First, we load some required packages and take a snapshot of our Session Info:
require("dplyr")
## Loading required package: dplyr
##
## Attaching package: 'dplyr'
##
## The following object is masked from 'package:stats':
##
## filter
##
## The following objects are masked from 'package:base':
##
## intersect, setdiff, setequal, union
require("ggplot2")
## Loading required package: ggplot2
require("reshape2")
## Loading required package: reshape2
require("maps")
## Loading required package: maps
sessionInfo()
## R version 3.1.1 (2014-07-10)
## Platform: x86_64-w64-mingw32/x64 (64-bit)
##
## locale:
## [1] LC_COLLATE=English_United States.1252
## [2] LC_CTYPE=English_United States.1252
## [3] LC_MONETARY=English_United States.1252
## [4] LC_NUMERIC=C
## [5] LC_TIME=English_United States.1252
##
## attached base packages:
## [1] stats graphics grDevices utils datasets methods base
##
## other attached packages:
## [1] maps_2.3-9 reshape2_1.4 ggplot2_1.0.0 dplyr_0.3.0.2
##
## loaded via a namespace (and not attached):
## [1] assertthat_0.1 colorspace_1.2-4 DBI_0.3.1 digest_0.6.4
## [5] evaluate_0.5.5 formatR_1.0 grid_3.1.1 gtable_0.1.2
## [9] htmltools_0.2.6 knitr_1.7 magrittr_1.0.1 MASS_7.3-33
## [13] munsell_0.4.2 parallel_3.1.1 plyr_1.8.1 proto_0.3-10
## [17] Rcpp_0.11.3 rmarkdown_0.3.8 scales_0.2.4 stringr_0.6.2
## [21] tools_3.1.1 yaml_2.1.13
Next, we load the dataset into R. The dataset must be downloaded from here (47megs) and unzipped into our working directory.

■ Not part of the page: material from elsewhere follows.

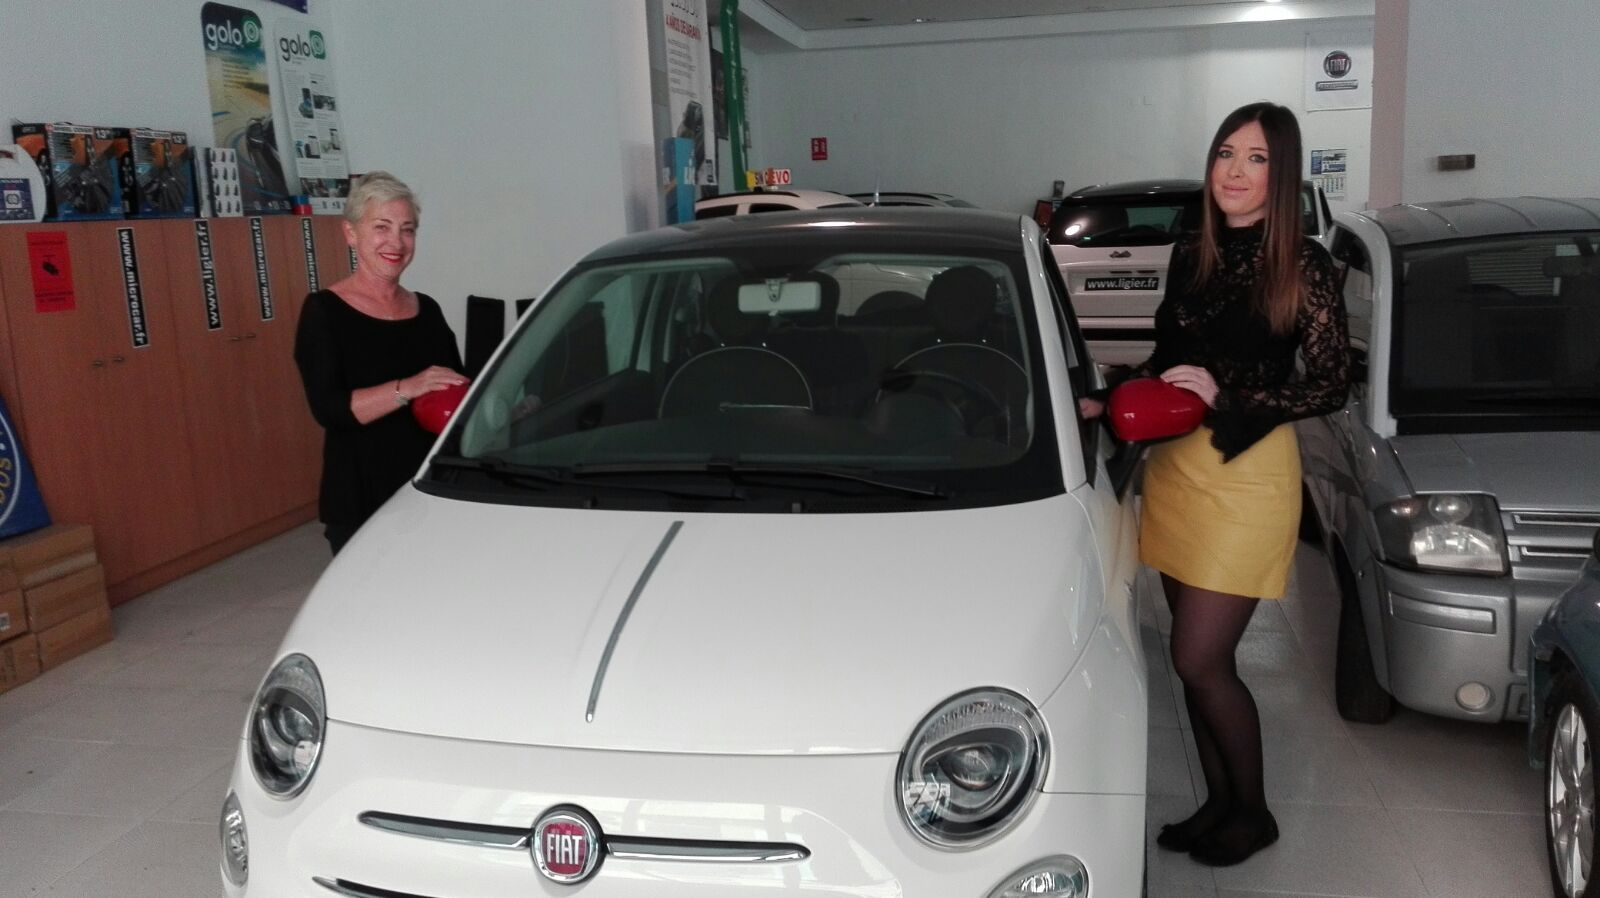 Entrega a Pilar y Marta de un Fiat 500 Lounge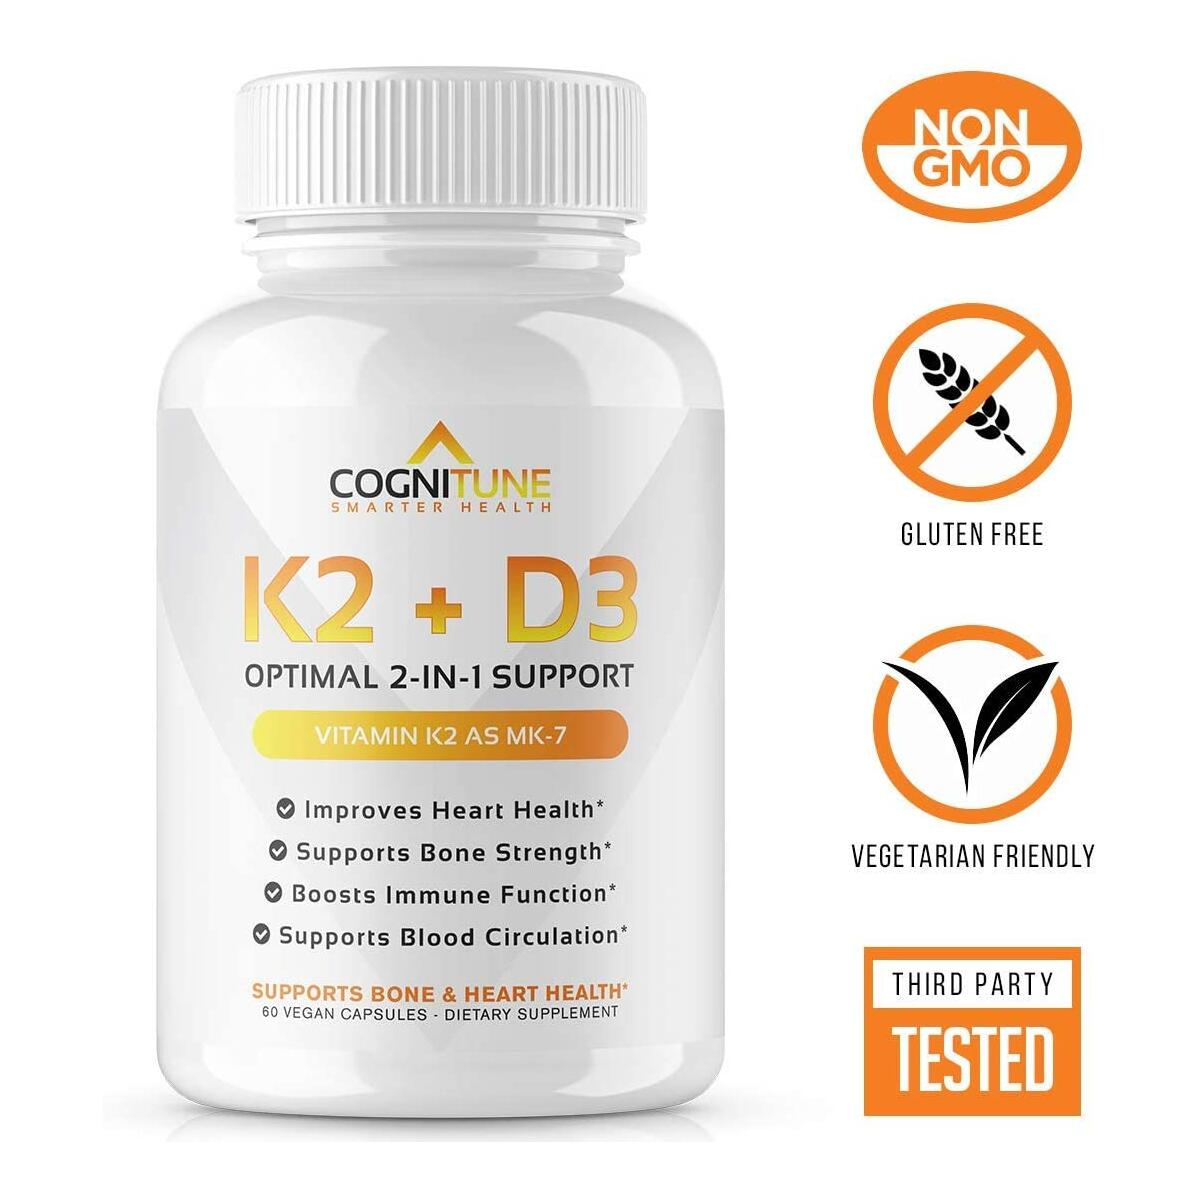 Vitamin D3 5000 IU with Vitamin K2 (MK7) Supplement - Premium Immune, Heart & Bone Health Capsules - Vitamin D3 K2 Complex with 5000 IU of Vitamin D 3 & 90 mcg of Vitamin K 2 - 60 Count

stormdata <- read.csv("repdata-data-StormData.csv")
Now we can get some basic info about the dataset:
dim(stormdata)
## [1] 902297 37
names(stormdata)
## [1] "STATE__" "BGN_DATE" "BGN_TIME" "TIME_ZONE" "COUNTY"
## [6] "COUNTYNAME" "STATE" "EVTYPE" "BGN_RANGE" "BGN_AZI"
## [11] "BGN_LOCATI" "END_DATE" "END_TIME" "COUNTY_END" "COUNTYENDN"
## [16] "END_RANGE" "END_AZI" "END_LOCATI" "LENGTH" "WIDTH"
## [21] "F" "MAG" "FATALITIES" "INJURIES" "PROPDMG"
## [26] "PROPDMGEXP" "CROPDMG" "CROPDMGEXP" "WFO" "STATEOFFIC"
## [31] "ZONENAMES" "LATITUDE" "LONGITUDE" "LATITUDE_E" "LONGITUDE_"
## [36] "REMARKS" "REFNUM"
We can see that there are 37 variables and 902297 rows. However, we only care about variables associated with Event Type, Casualty and Economic damage info, and perhaps State information. So we can filter our dataset accordingly:
strm <- select(stormdata, EVTYPE, STATE, FATALITIES, INJURIES, PROPDMG, PROPDMGEXP, CROPDMG, CROPDMGEXP) %>% group_by(EVTYPE)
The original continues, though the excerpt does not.